While there are many articles out there talking to the employee about remote work, there are surprisingly few talking to employers around the nuances involved. Remote work is not a decision that should be taken lightly, and if it is part of your current Digital Strategy (and it should be), there are a few technicalities you need to be aware of. In this article, I’ll unpack four of these that I think are incredibly important as part of your consideration – assuming you, as the employer, are intending on embarking on a remote work journey.

On paper, how do you go about it?

This is an interesting choice. Do you keep your staff on your current employment contract, or do you set up your remote work arrangement as an ongoing contract? There are pros and cons to each approach.

If you retain your employees on their current contract, what are the changes that need to be made in order to facilitate the new way of working? You need to be sure that your new remote work policy does not contradict your current employment contracts. As a key example: most employment contracts state the hours of work as well as the location. If you are changing this, it is in everyone’s interest that you as the employer amend the contract by means of an appendix stating the new working conditions. This will preempt any misunderstandings later due to performance issues or other “unexpecteds”. Similarly, the nature of expenses may change, and you need to ensure that the rules are in place regarding what can and cannot be expensed (such as Internet access, travel in to the office and so on).

If you decide on the contract approach, how do you end your current agreement, and how do you ensure the smooth transition to a contract. As above, does the contracting agreement include remote work specifics? Using a stock standard contractors agreement may not be sufficient.

Another complication in this area is that of tax, can you ensure your remote employee is paying the correct tax when working as a remote worker? If they are contracted directly to you (and only to you), you may find yourself in hot water as the employer for the employee’s lack of tax payments. Or, do you force the employee to register a company and work on an invoicing basis? This may help on the tax side, but it also opens up the opportunity for – and almost incentivises – the employee to contract out to other employers. Do you have a plan and reasonable restrictions in place for this eventuality?

How do you measure it?

Once you’ve embarked on this journey, you need to understand as an employer that you are no longer monitoring your employees’ hours. If you are, they are simply working from home temporarily, and are not remote workers in the true sense of it. You are now monitoring outcomes, and as such these need to be clearly defined.

It is vitally important that your remote workers are included in meetings and regular updates as to what is expected of them. At the very least on a weekly basis. Be aware that the additional free time that your remote workers have on their hands due to not having a commute, also translates into additional busy time for managers to keep them focused on their direction and outcomes. You also cannot afford to alienate your remote teams by informing them of decisions after the fact. You have to include them in decisions and team meetings the same way you would for a physically present team member.
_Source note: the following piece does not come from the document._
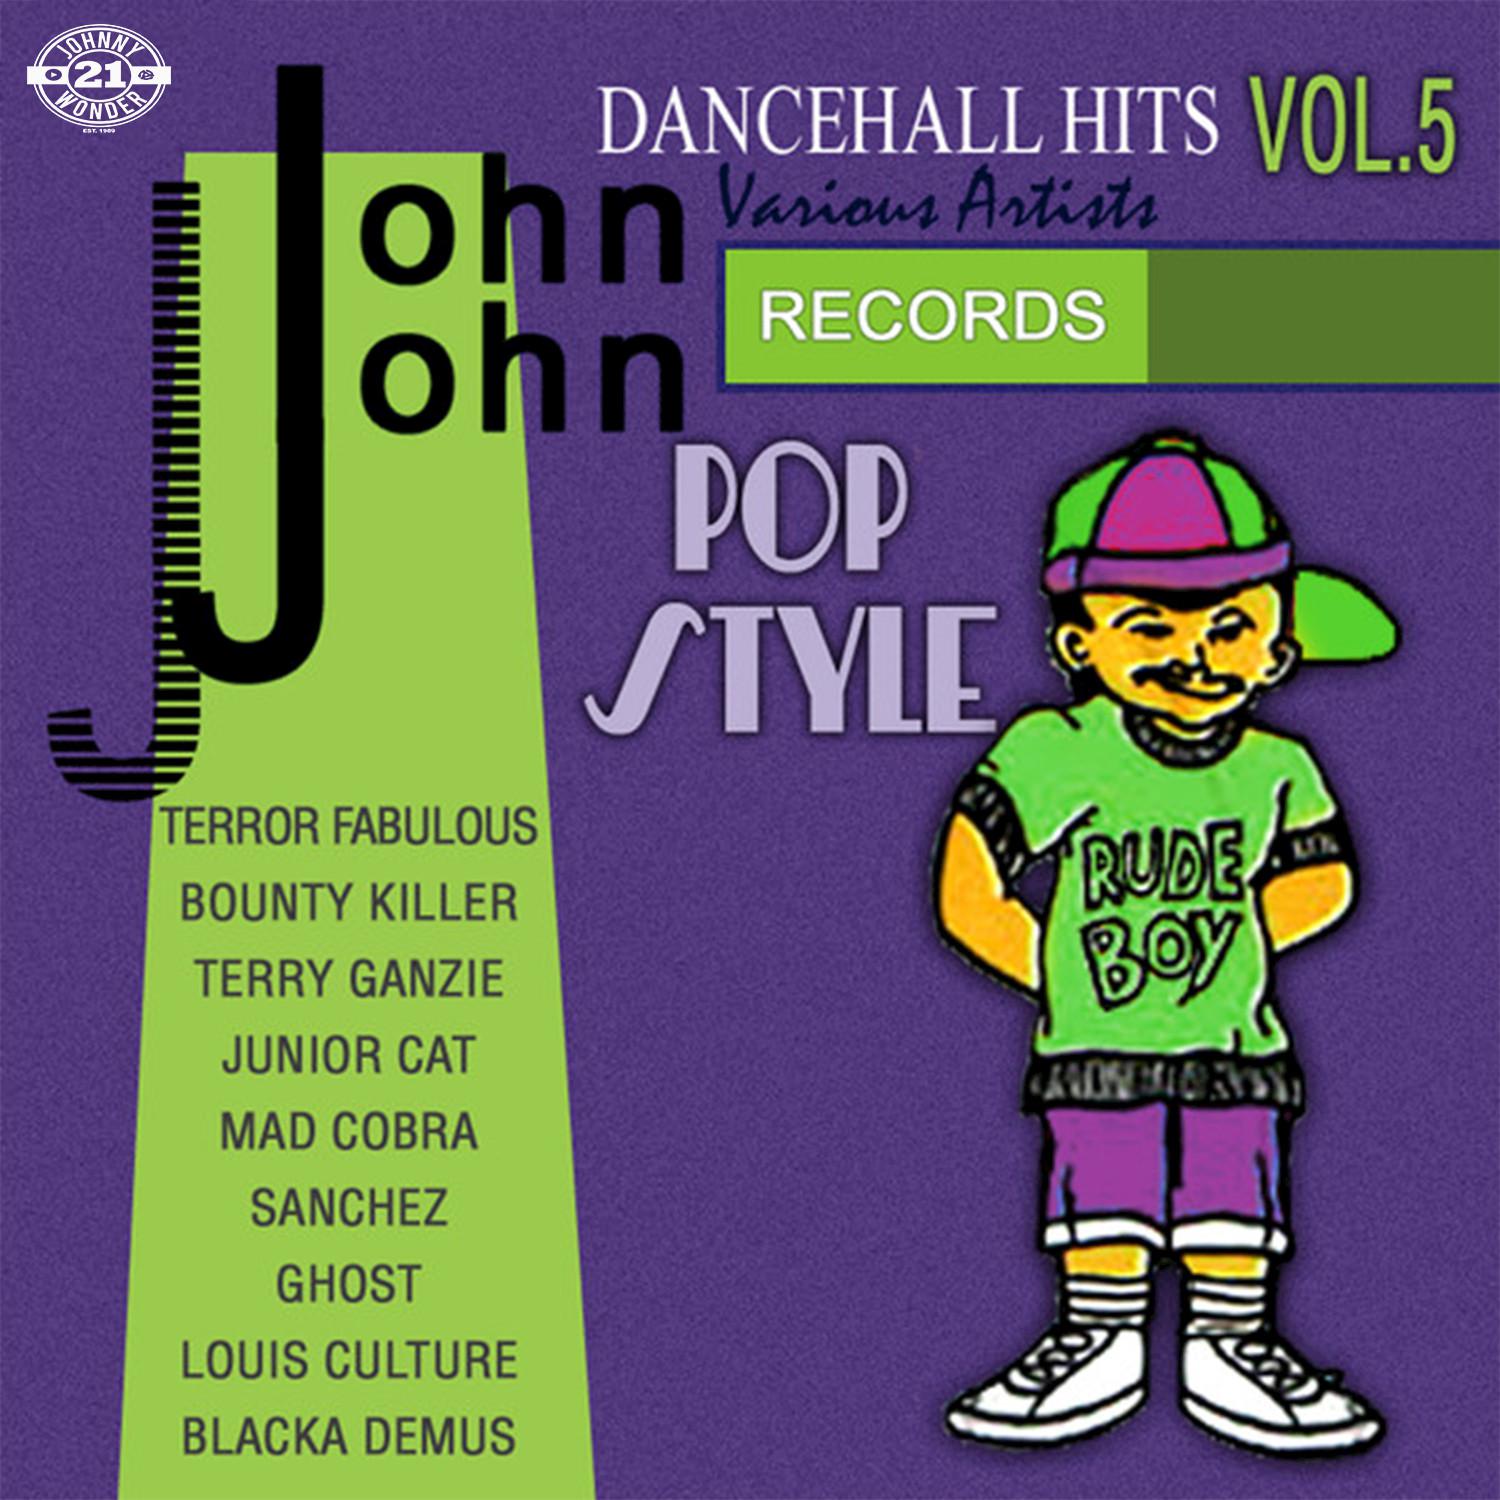 John John Dancehall Hits, Vol. 5

Technology infrastructure required!

Having your remote workers “present” in meetings means you need to have the technology infrastructure in place to drive this. Remote team members should have full access to decent webcams, microphones and communications equipment, and your office should be kitted out with the same. Can your meeting rooms comfortably bring a virtual worker in, and can they see everyone in the room? You need to consider having wide angle video (the cheaper option) or a tracking camera (the more expensive option) to ensure that they can see who is speaking.

Don’t fall into the trap of relying on a laptop in the room to be the microphone and camera, invest in decent kit for the room. Modern laptops’ microphones are often directional, in which case anyone speaking that is not directly facing the laptop will not be heard, and their cameras are often not wide angle enough to support a full room.

Intellectual Property, Data, and Bring Your Own Device

If your remote workers are providing their own hardware and laptops, how are you able to ensure that your (and your clients’) personal information, intellectual property, and data is adequately looked after. As part of your contracts, you need to take this into consideration. Your remote workers should have at the very least the same protections in place on their personal equipment that you as the employer have on your internal office network. Files should be encrypted, and data flows should be defined and communicated.

You need to ensure that you are incredibly clear on what tools are and are not allowed to be used, and that none of your company data is being stored on file sharing services that the remote worker may be using in their personal capacity. This creates a legal minefield for you as the employer.

You should ensure that you have a remote work policy, a BYOD policy, and a clear Acceptable Usage Policy (AUP) as a minimum to ensure that integrity is maintained. You will also need all of these to maintain a cyber insurance policy (which you should have already!). Related to this, short term insurance should also be specifically mentioned and clearly defined as to who is responsible. You cannot have downtime due to equipment being uninsured if an employee is burgled or a laptop goes missing from a coffee shop.

What next?

It’s clear that there is quite a lot to consider, and this is only scratching the surface. With any decision such as remote work, due diligence needs to be performed – often with external advisory in order to address any “blind spots”. As an employer, it is important that you consider all your bases, and weigh up the pros and cons. The fact of the matter though is that remote work is here to stay, and if you don’t move on it, you may end up losing your staff to employers that are embracing the practice.